Record excerpts >>
────────────────────────────────────────

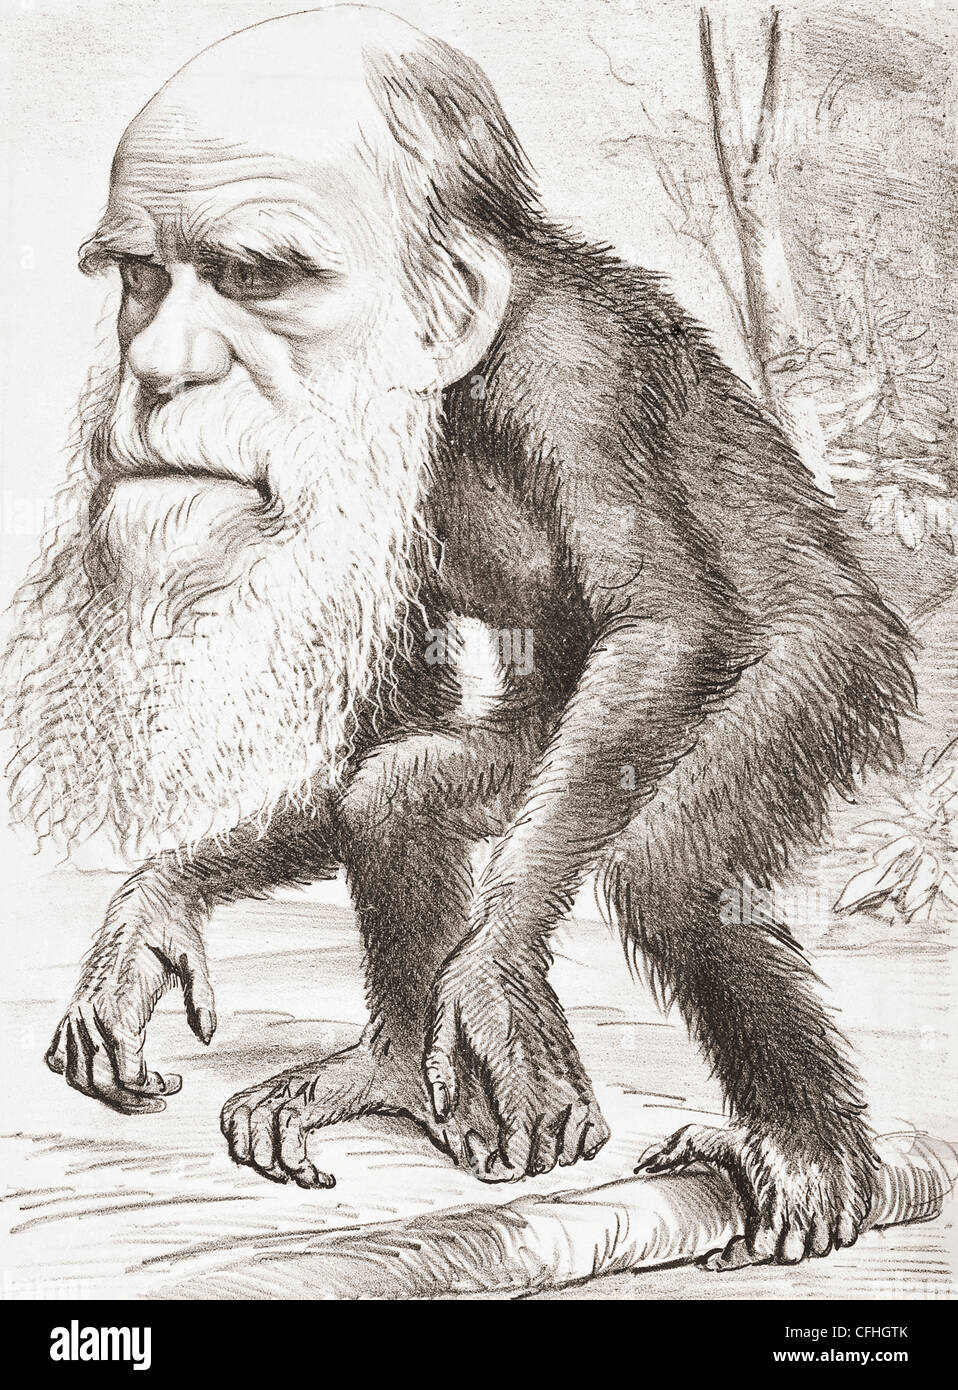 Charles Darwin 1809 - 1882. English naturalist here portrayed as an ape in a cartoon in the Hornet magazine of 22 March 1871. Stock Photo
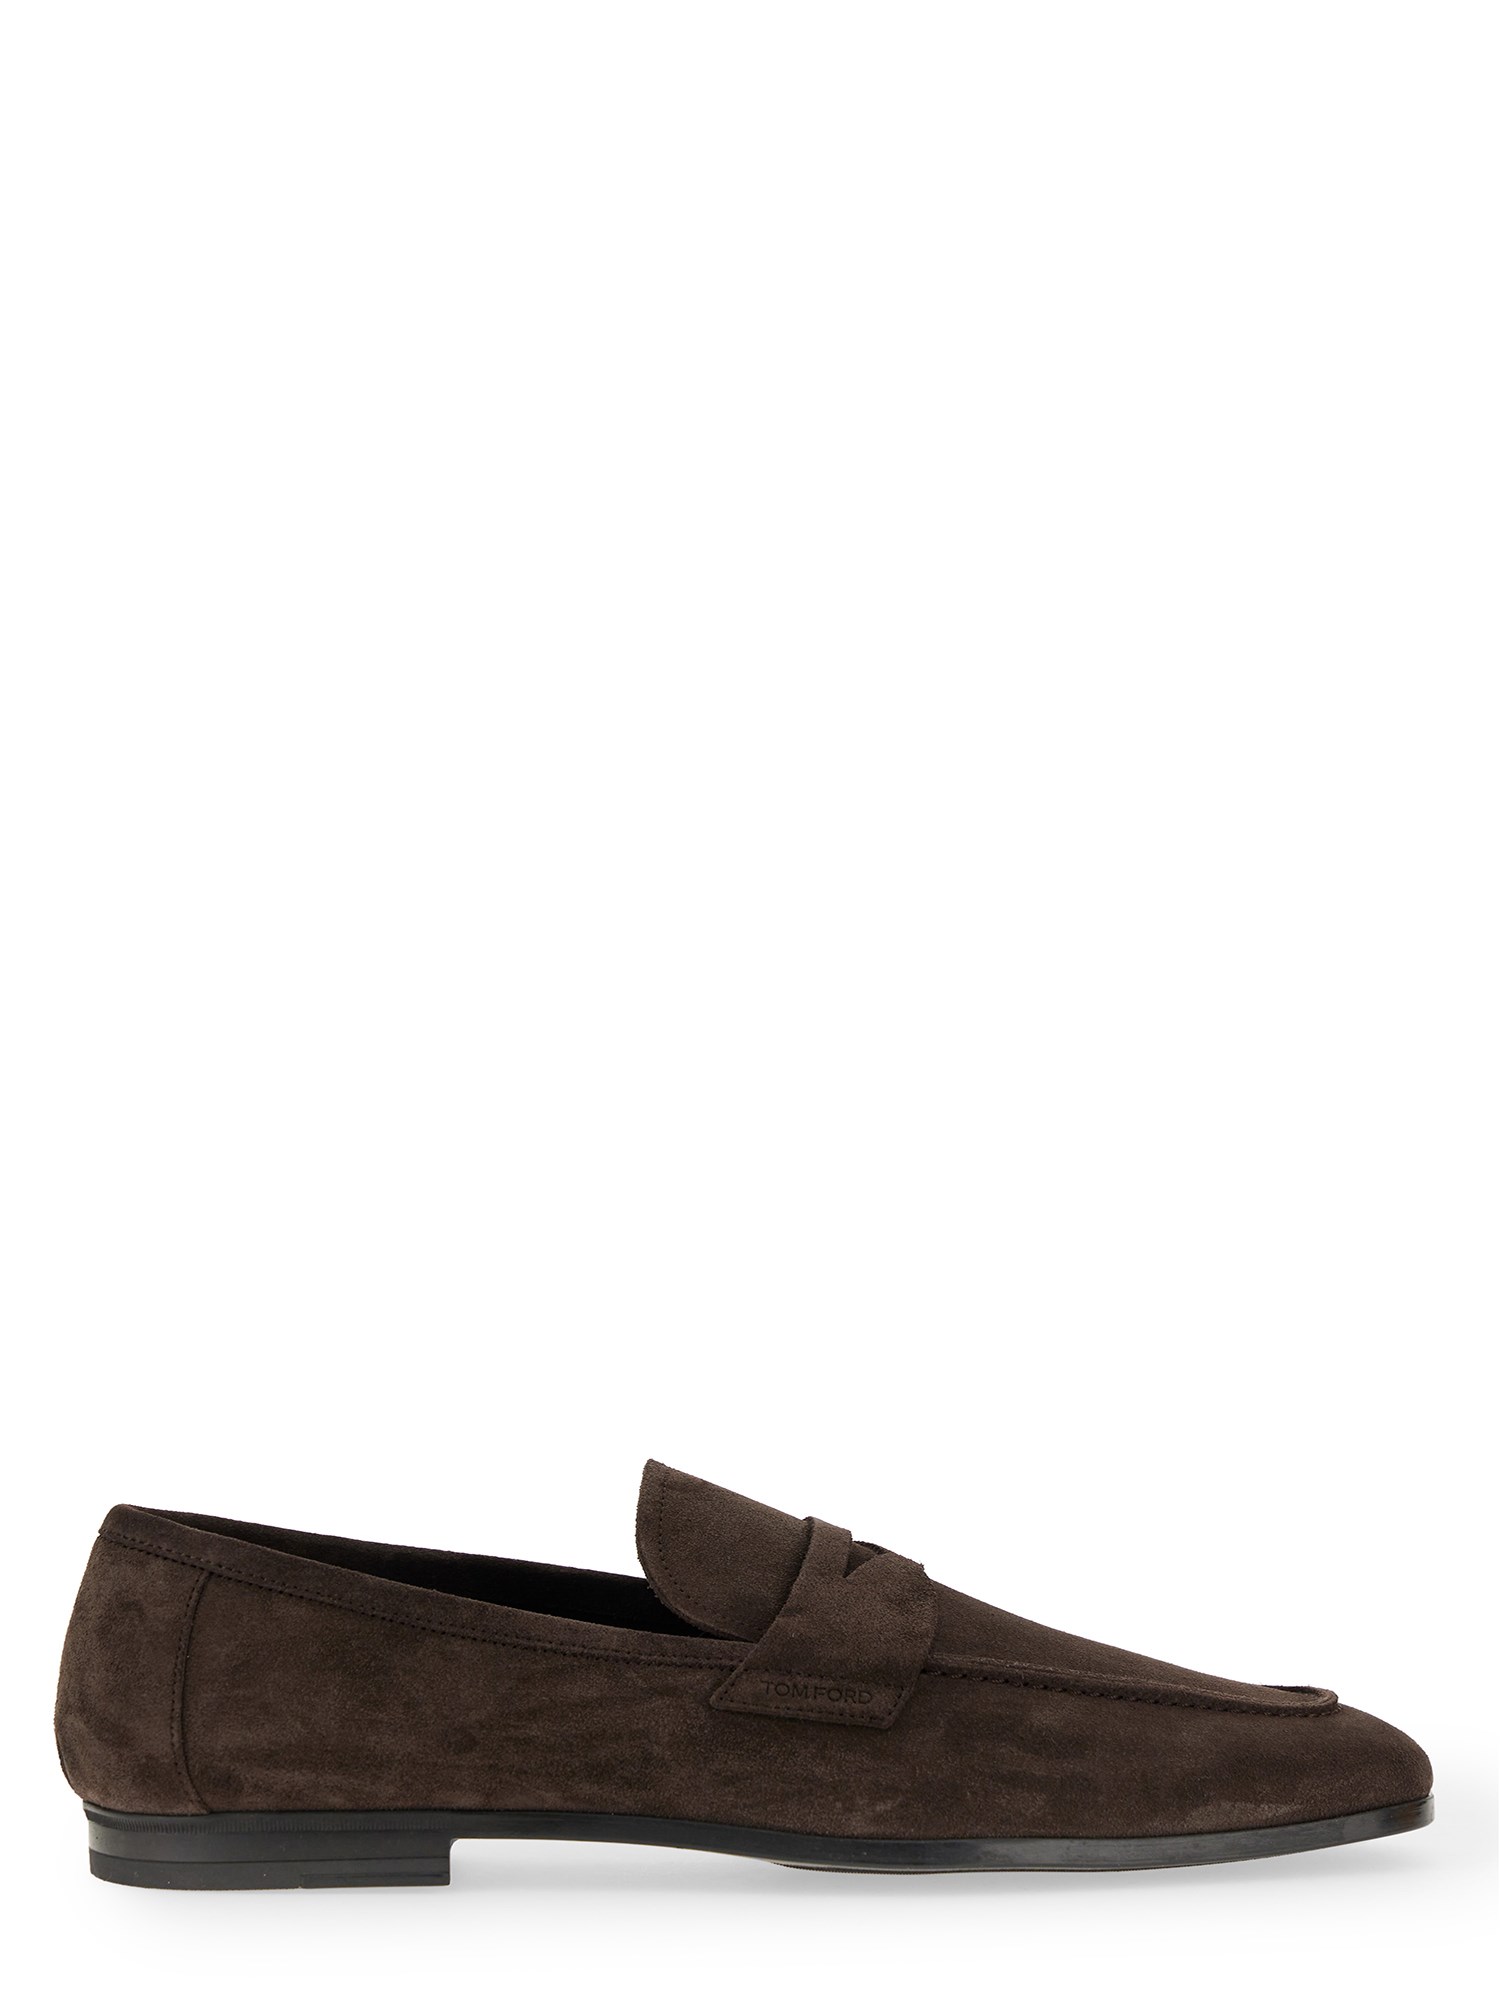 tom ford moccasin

────────────────────────────────────────

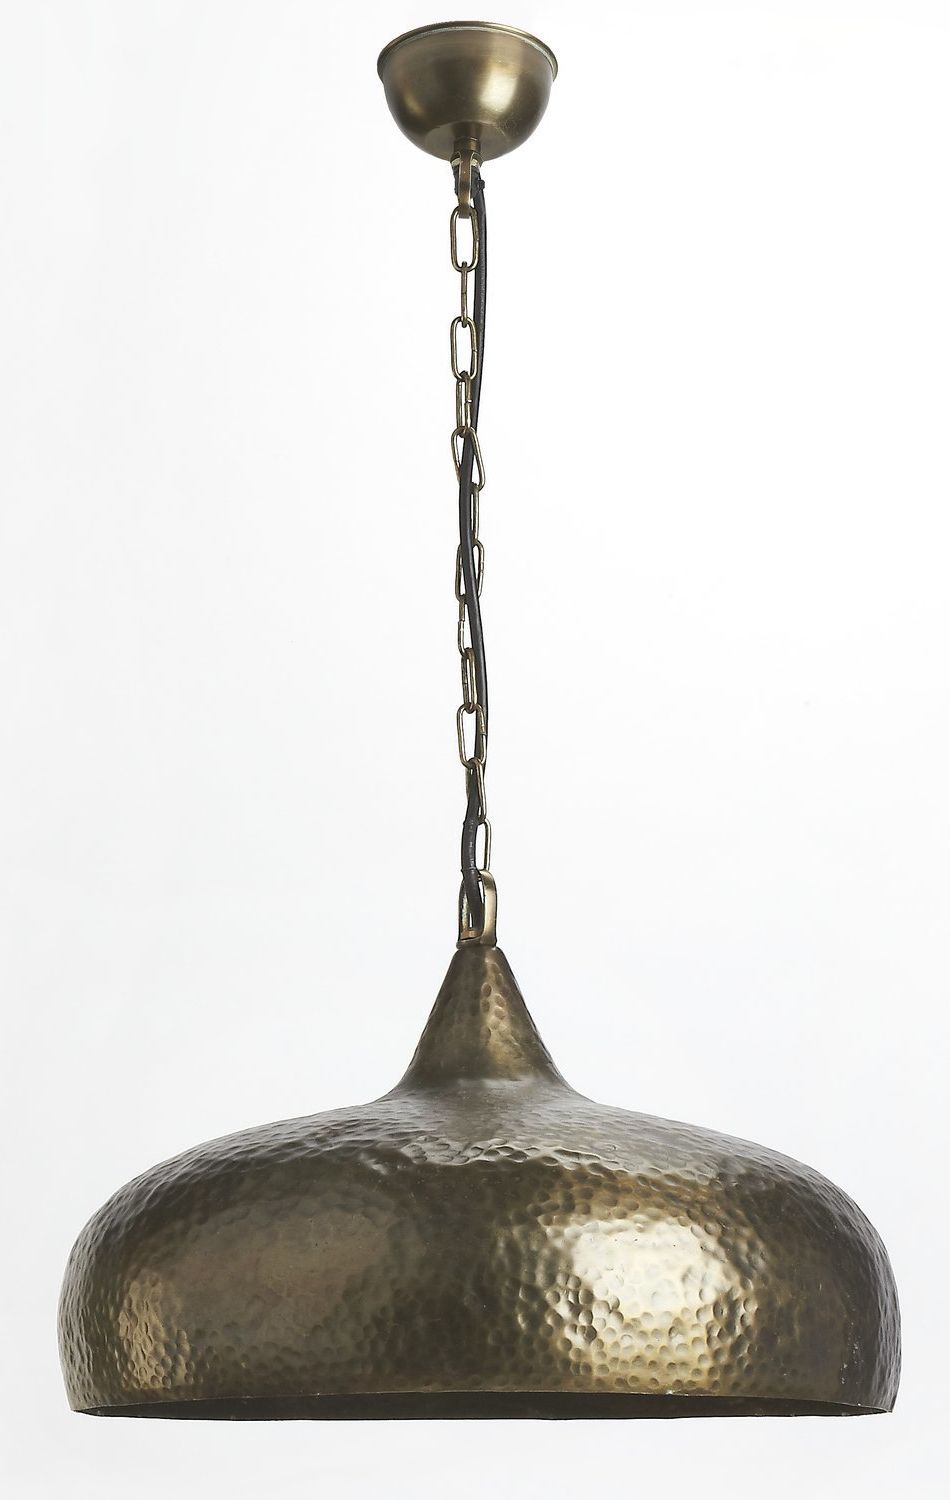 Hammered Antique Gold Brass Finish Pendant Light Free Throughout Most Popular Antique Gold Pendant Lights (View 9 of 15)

────────────────────────────────────────

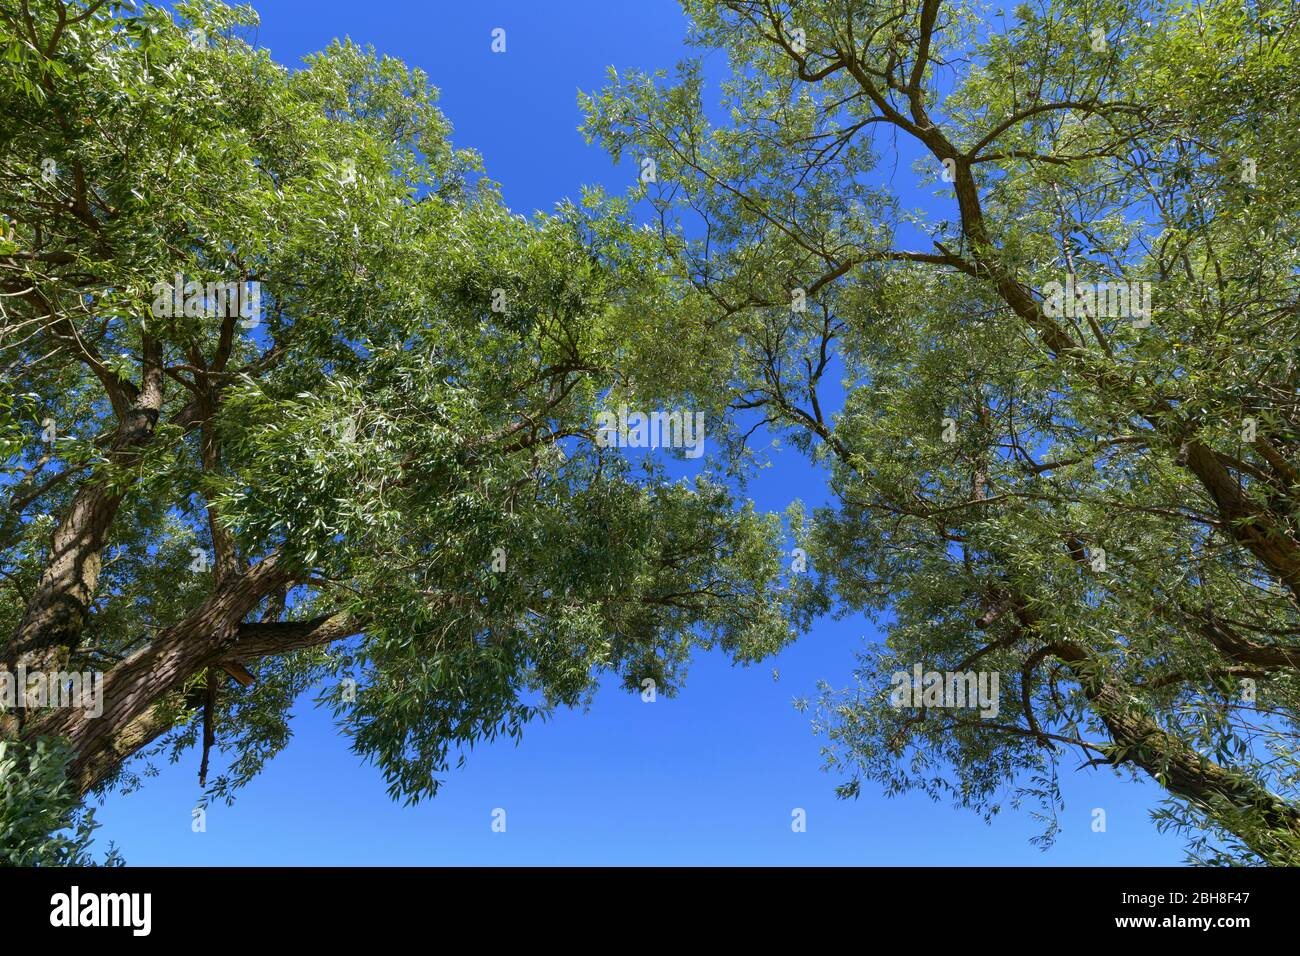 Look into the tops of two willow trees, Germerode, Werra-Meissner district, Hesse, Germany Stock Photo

────────────────────────────────────────

A word-for-word reproduction is needed of the lines above from the line containing "Charles Darwin 1809" through the line containing "tom ford moccasin", with both ends kept and no pictures.

Task answer >>
 Charles Darwin 1809 - 1882. English naturalist here portrayed as an ape in a cartoon in the Hornet magazine of 22 March 1871. Stock Photo
 tom ford moccasin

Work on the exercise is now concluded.